Wednesday, February 25, 2009

Of all the games I couldn't watch, it had to be this one...

I'm sure that was a really great game. I know the last ten minutes were pretty good. The rest of it, I was stuck at a choir concert.

No, I couldn't get out of it early. It was my choir.

I'll catch it when it replays at three in the morning. Of course I'll still be up. I have a paper due tomorrow afternoon.

Apparently Leino's new goal celebration is cross-country skiing. Or maybe slow motion running. Awesome.

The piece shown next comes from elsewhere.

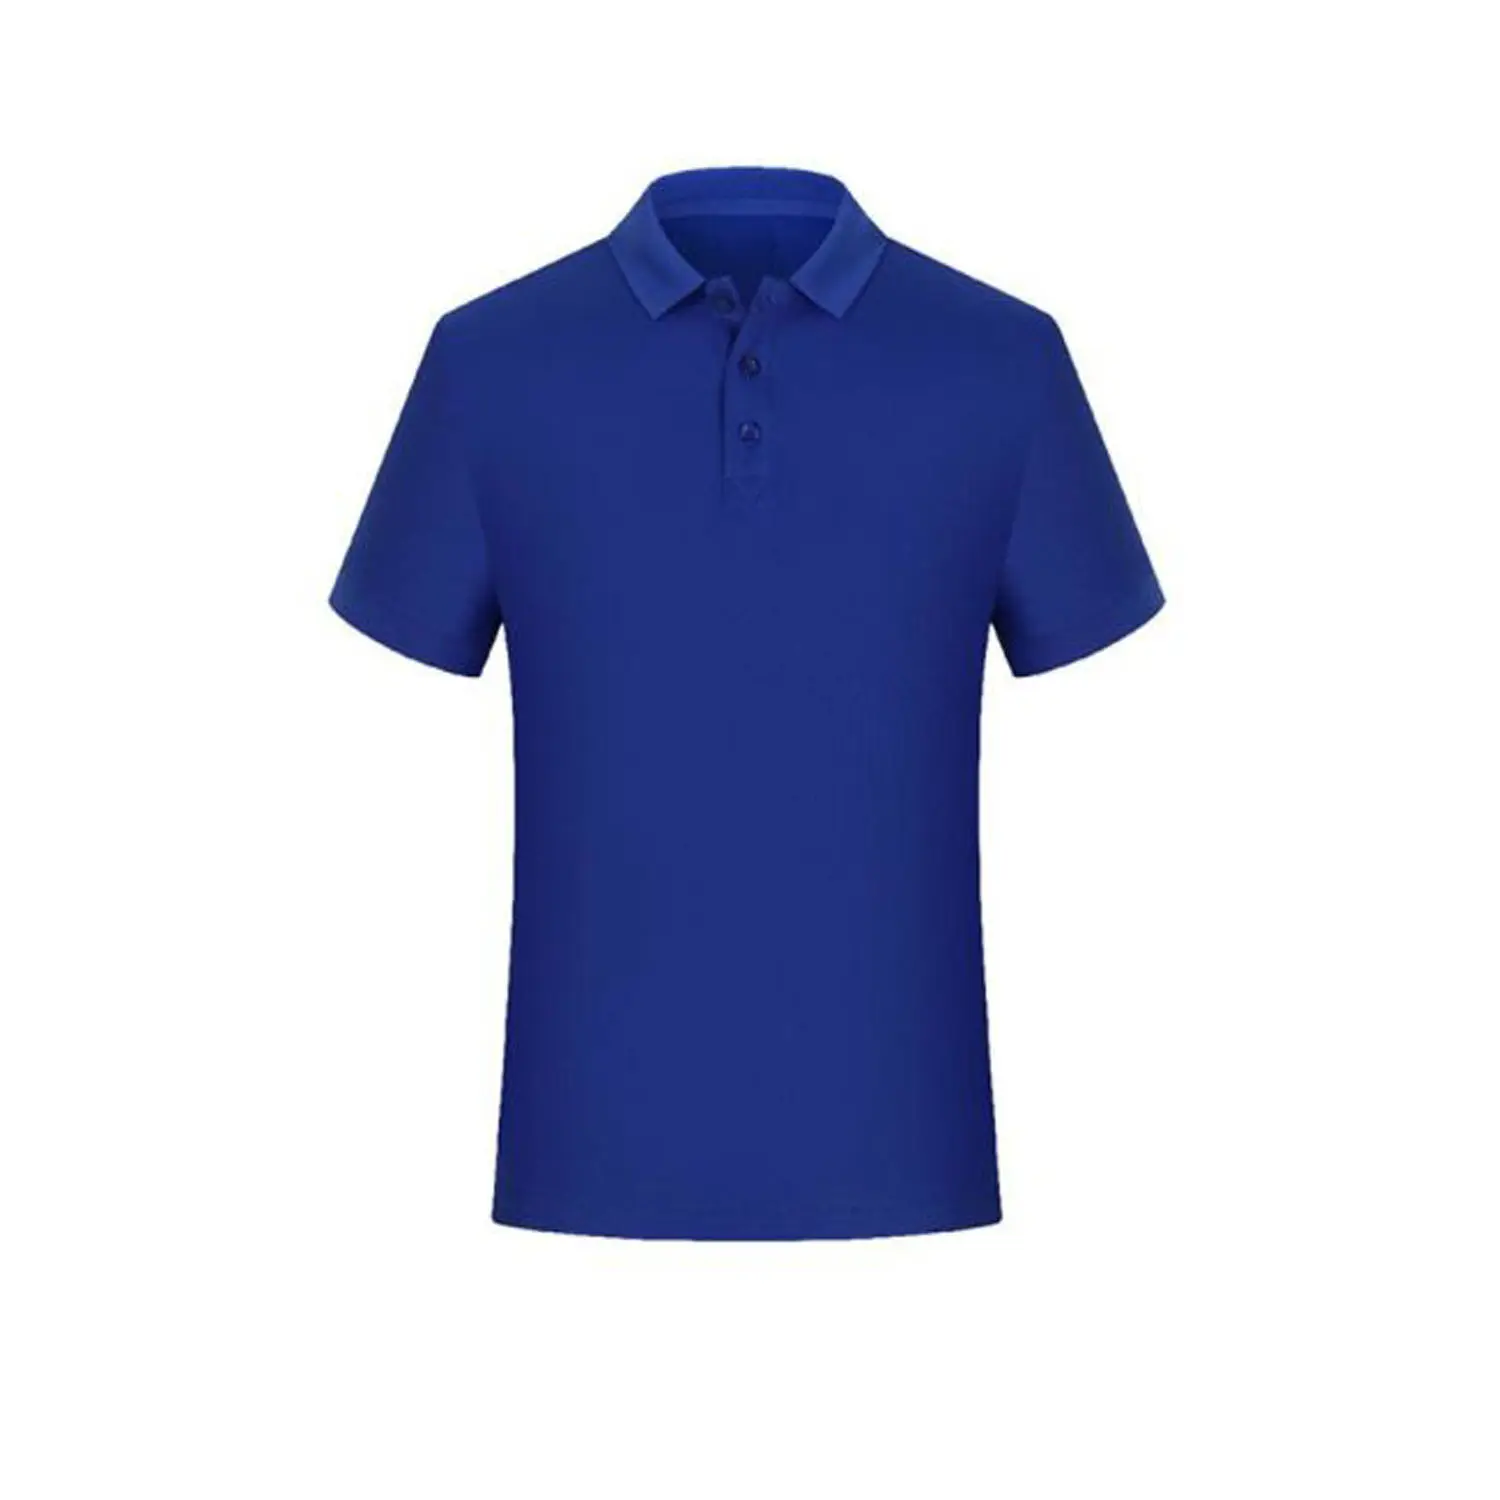 مخصص الملكي اللون رخيصة الرجال ملابس رياضية بولو تي شيرت ، الجملة الرجال الأزرق الملكي مع المطبوعة شعار OEM بولو تي شيرت

One more item of note - all the cool kids on the internet have been blogging the crap out of the Washington Capitals' new all-female fan club, Club Scarlet. I personally have mixed feelings about everything when the subject of hockey and gender comes up, but for the sake of my time and your sanity, I'll save my requisite girl-blogger "I AM NOT A PUCKBUNNY OMG" diatribe for another post. Let's just say that I think it sounds like a good idea in theory, and that everyone's making it out to be a bigger deal than it is, and that I just hope it doesn't serve as another means by which men can be dismissive toward female hockey fans. I've met a few who don't need any more help.

In the meantime, a few observations:

1. "Club Scarlet" sounds like a strip club. (EDIT: It is*. I think it's in Peru.)

*Why did you click on that, you perv? I hope you're over 18.

2. A lot of the content seems to be geared toward the new hockey fan. I can appreciate this - when I took my roommate to her first hockey game last month, I could not have possibly anticipated how ridiculously confusing the sport could be to the uninitiated. Try explaining icing to someone who's never heard of it before. At the same time, I'm assuming they'll eventually have more content for long-established fans, right?

3. They did an eyecandy photoshoot? Yes. They did. Sid Abel's grandson was totally working that pout.

Or at least... that goofy goalie furrowed eyebrow thing...

I still don't know about this just yet.

Because god help us all if the Aaron Downey Ladies (and I still mean ladies like your high school English teacher, or your best friend's mom) ever figure out a way to schedule club meetings.

And by 'god help us all', I mean 'god help Aaron Downey'.